Side effects & risks:
- Irritation is the most common issue, mild stinging, tingling, redness, or dryness, driven by the low pH that effective L-ascorbic acid formulas need. Usually settles as skin adjusts. Lower the concentration, apply less often, or switch to a derivative if it persists
- Sensitive and rosacea-prone skin tends to tolerate the low pH of L-ascorbic acid poorly. Gentler derivatives at neutral pH are a better starting point
- Yellow staining of skin, fabric, or pillowcases can happen with oxidised or high-concentration serums.

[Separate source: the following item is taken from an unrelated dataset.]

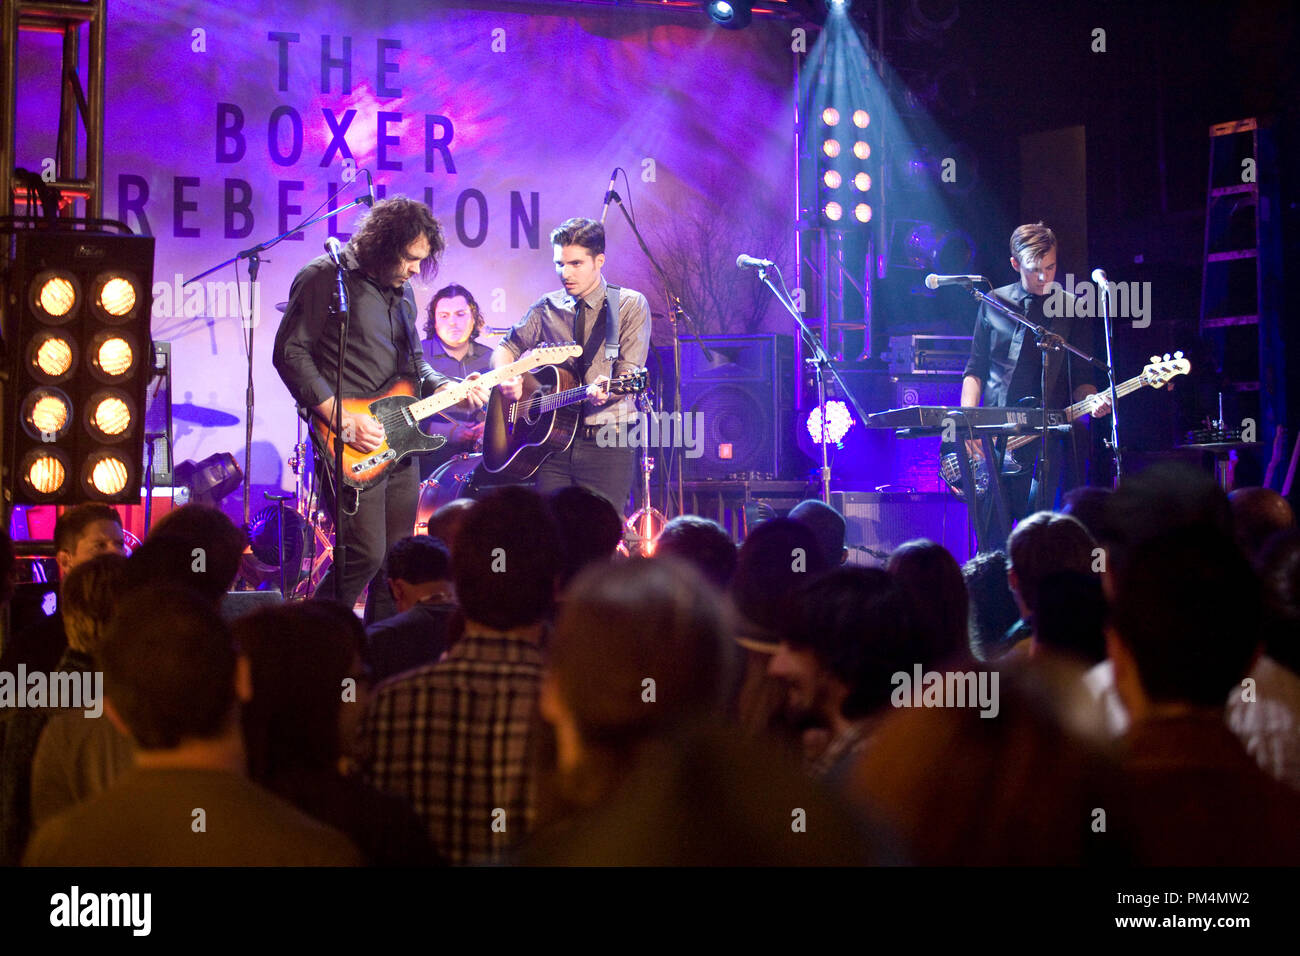 Eine Szene mit der Band THE BOXER REBELLION von romantischen von New Line Cinema Komödie "DER ABSTAND", ein Warner Bros.-Bilder freigeben. Stockfoto

Let it absorb fully before dressing or going to bed
- Contact dermatitis is uncommon but possible, more often a reaction to other ingredients in the formula than to vitamin C itself. Patch test a new product on the inner forearm or behind the ear before putting it on your face
- Oxidised product is the quiet failure mode. It does not usually harm skin, it just stops working, and a heavily oxidised serum may be mildly irritating. Discoloration is your signal to replace it
- It does not meaningfully increase sun sensitivity, unlike retinoids or exfoliating acids, but it also does not protect you from burning. Daily sunscreen is still required
Sold as a cosmetic, available over the counter without prescription.